Cómo las frustraciones te pueden ayudar a aumentar tu propuesta de valor

La frustración siempre tiene una connotación negativa, pero a través del presente artículo podrás darte cuenta que, para los emprendedores y dueños de empresas, pasan a tener un rol relevante a la hora de aumentar o mejorar su propuesta de valor.

La propuesta de valor corresponde a la percepción que tienen nuestros clientes de todos los beneficios que les entregamos versus todos los costos asociados por adquirirlo. La idea es que el cliente sienta una sensación positiva que refuerce la idea de que “valió la pena” pagar por adquirirlo. Al ser una percepción es totalmente subjetiva, por ende, las empresas están buscando formas cada día más innovadoras de agregar valor a sus segmentos objetivos.

Por otra parte, una frustración corresponde a un sentimiento de tristeza, decepción y desilusión que provoca la imposibilidad de hacer, lograr u obtener algo. Entonces, ¿cómo se relaciona la propuesta de valor con las frustraciones de los clientes?

Detectando y analizando las frustraciones que ocurren en el proceso de compra de nuestros clientes (desde que se enteró de nuestro producto/servicio hasta la post-venta), es que podemos ayudar a potenciar nuestra propuesta de valor.

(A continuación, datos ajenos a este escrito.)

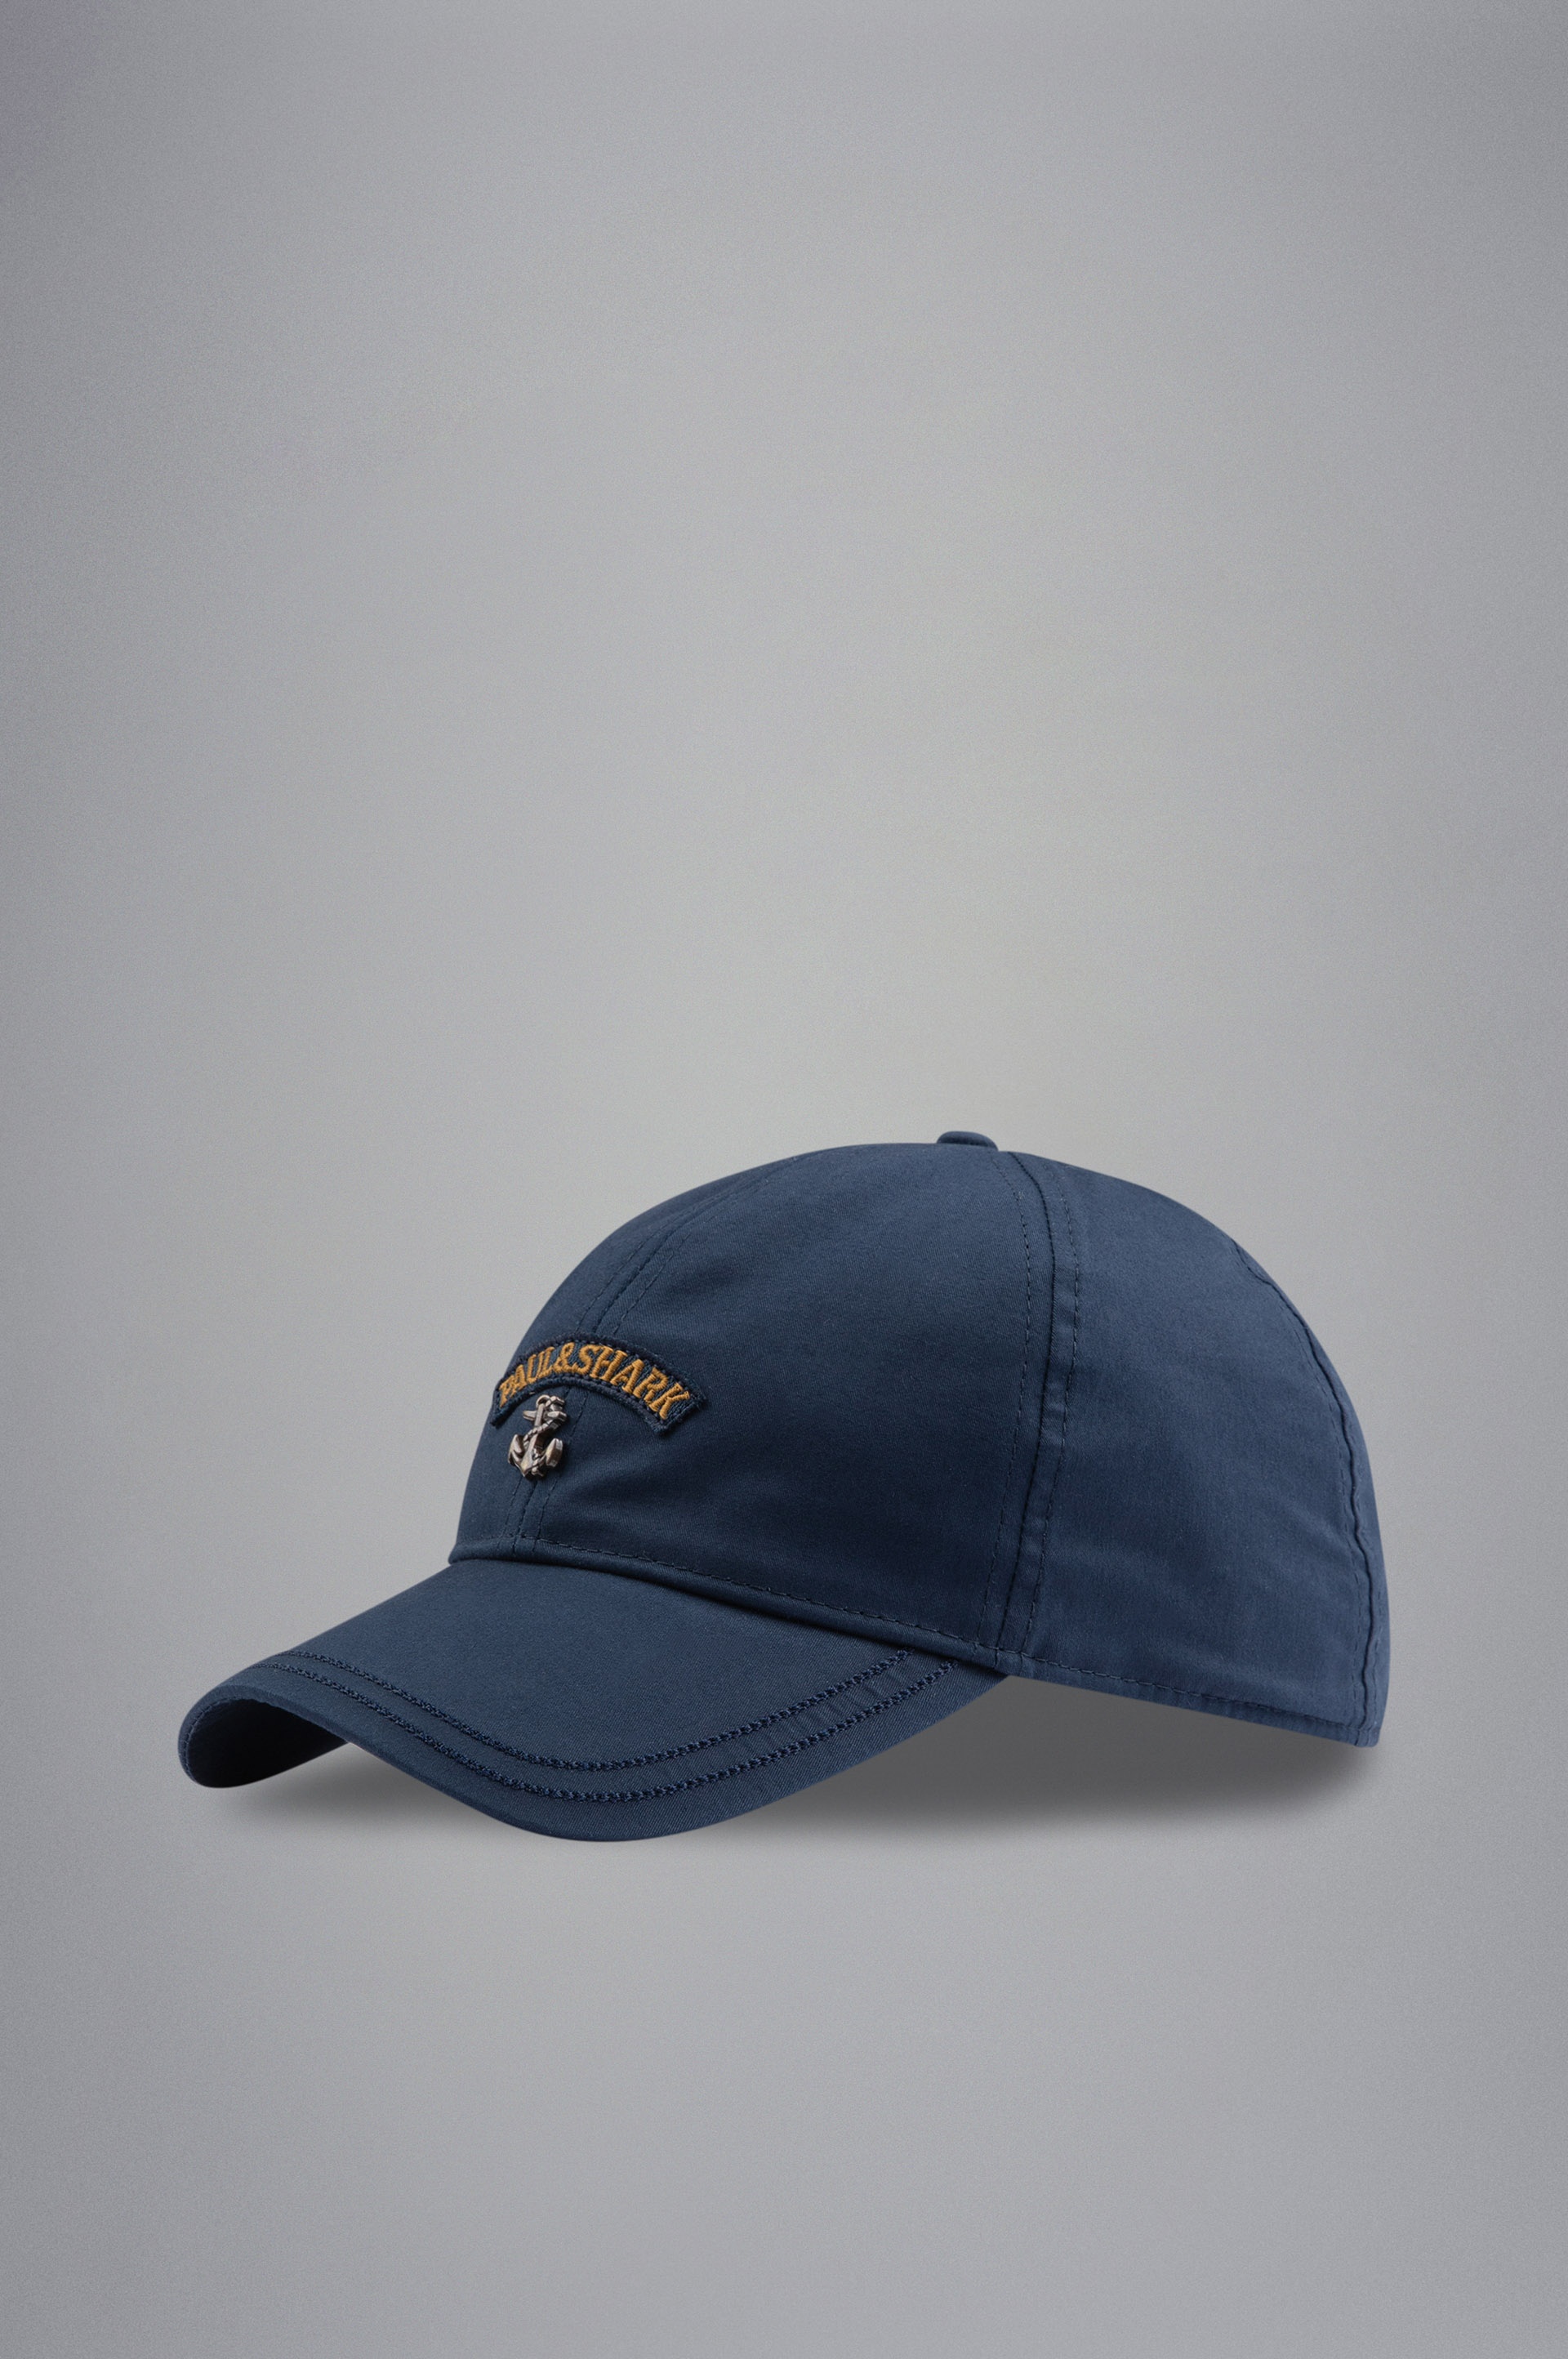 BASEBALL CAP - 1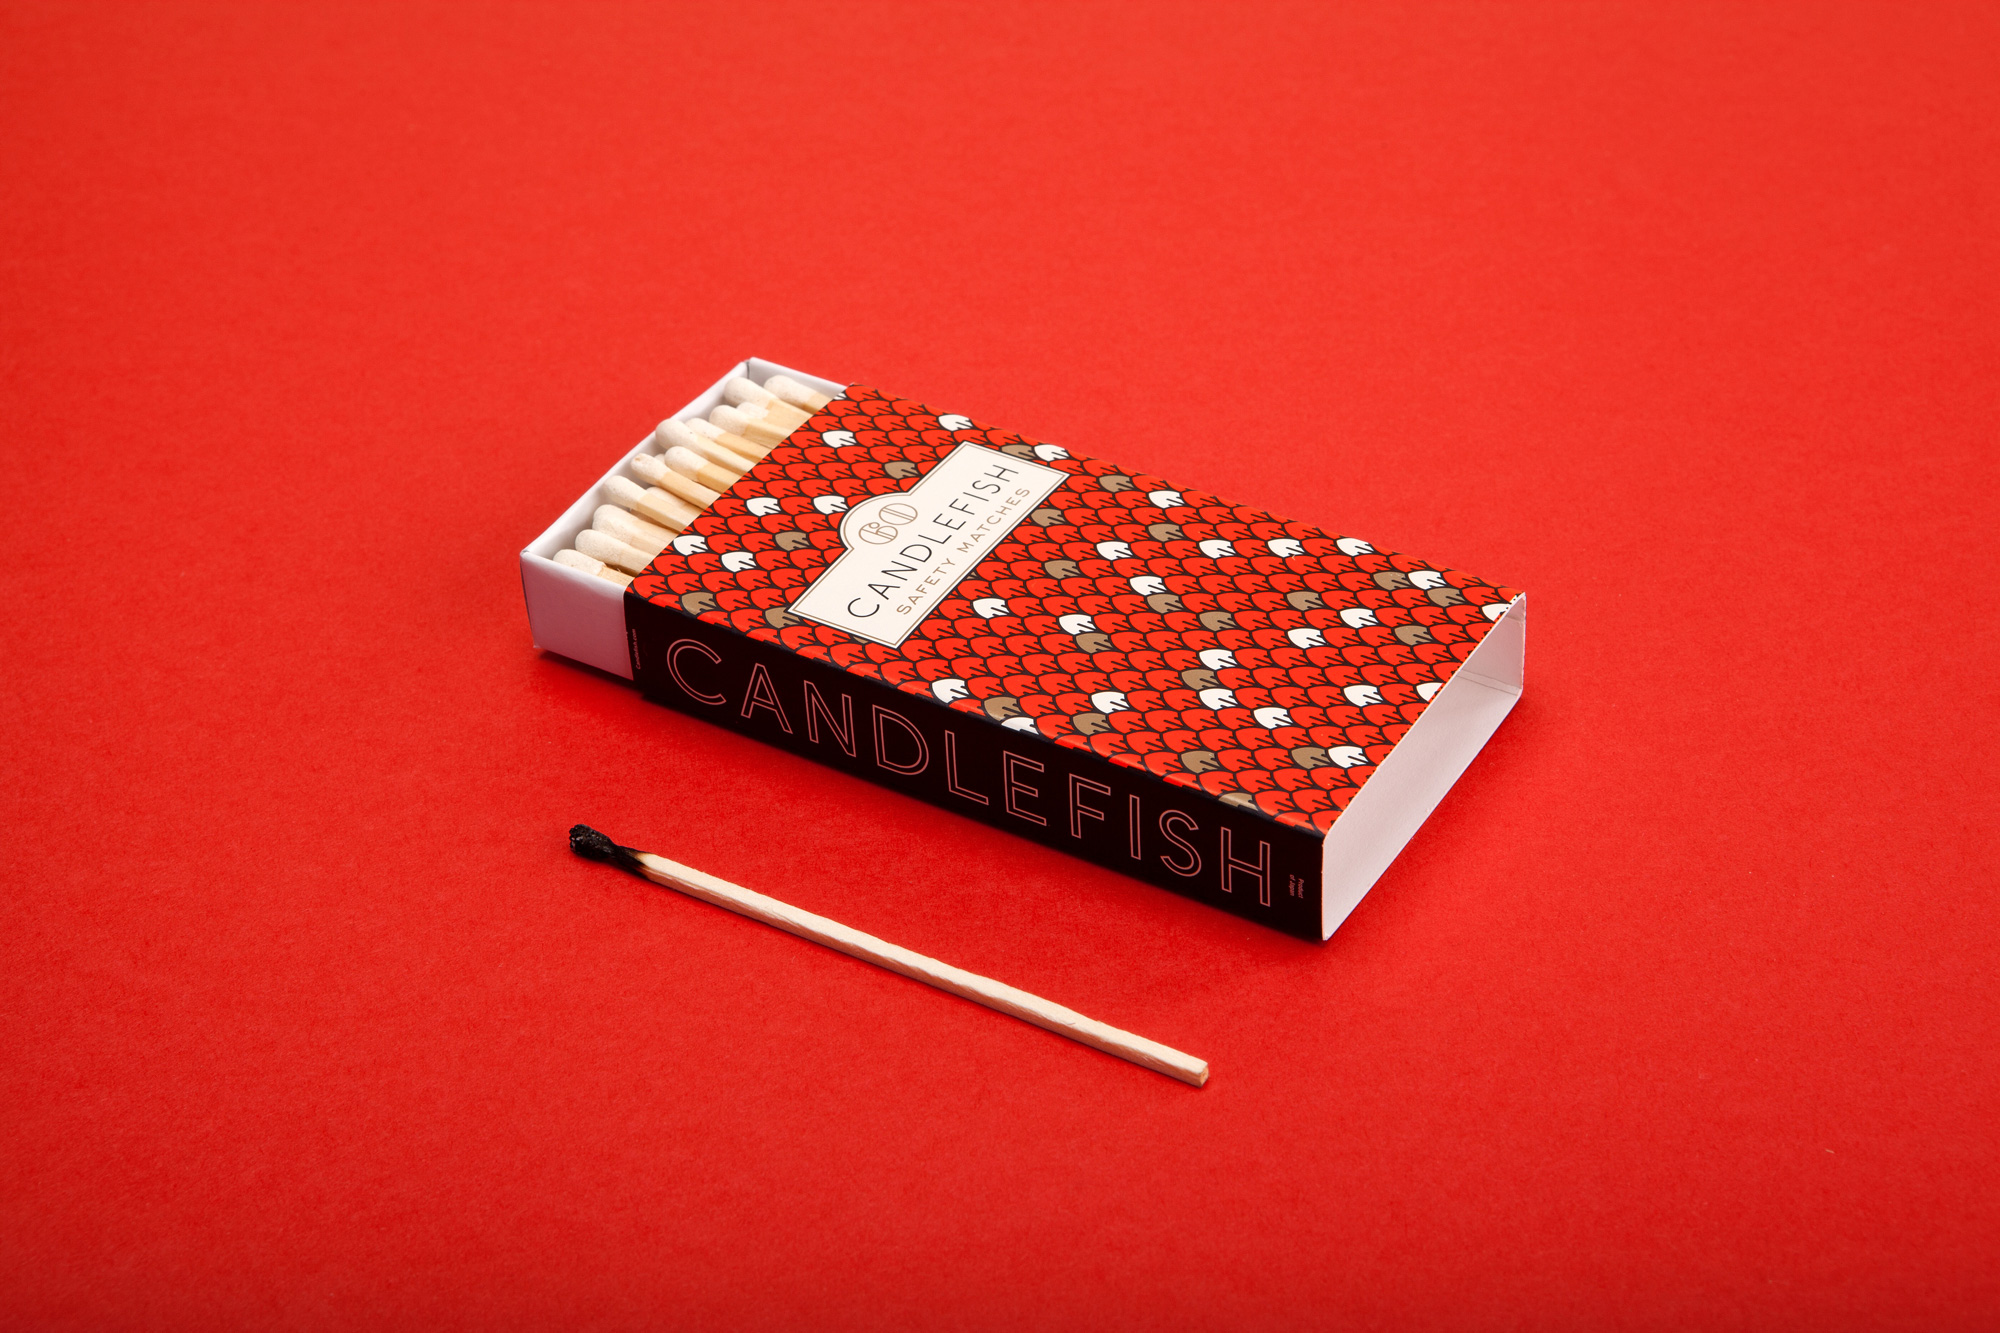 Candlefish 火柴蜡烛品牌形象设计火柴盒包装设计-上海品牌策划设计公司分享

Cómo las frustraciones te pueden ayudar a aumentar tu propuesta de valor

¿Vemos un ejemplo?

En una empresa X, el producto y la atención han sido calificados como extraordinarios, pero, llegado el momento del pago, el cliente quiso pagar con tarjeta de débito y los administradores sólo tienen la opción de vender con pago en efectivo. ¿Qué se acaba de provocar en el cliente?: Una frustración, por la cual finalmente se decide no realizar la compra. Recordemos, además, que un cliente insatisfecho comentará esto con, por lo menos, 12 personas más. ¡Mayor el problema!

¿Cómo detectar estas frustraciones? Sé empático, ponte en su lugar. ¿Has visto alguna vez tu negocio desde la perspectiva del cliente? Muchas veces, sólo haciendo esto nos damos cuenta de los errores que realizamos y, por ende, de las frustraciones que provocamos en  ellos. Corrígelas y aumenta tu oferta de valor. En el ejemplo anterior, detectamos que los clientes requieren pagar con tarjeta de débito además del efectivo, por ende, la empresa implementó el famoso dispositivo Mobile POS (presente cada vez en más lugares), para poder aceptarlas y desde ahora su propuesta de valor incluye también la frase “aceptamos todo medio de pago”, entregando así más beneficios al cliente y facilitándole la vida, es decir, CREANDO Y AGREGANDO VALOR.

Otra forma de detectar estas frustraciones es conociendo a tus clientes, analizando el proceso de compra, insisto, desde el momento que se entera de tu existencia hasta el proceso post-venta. Recuerda que una venta no culmina con el intercambio de dinero por el producto o servicio. Para esto, te recomendamos utilices algunas herramientas como el “Mapa de Empatía” y el “Mapa de Experiencia del Cliente”.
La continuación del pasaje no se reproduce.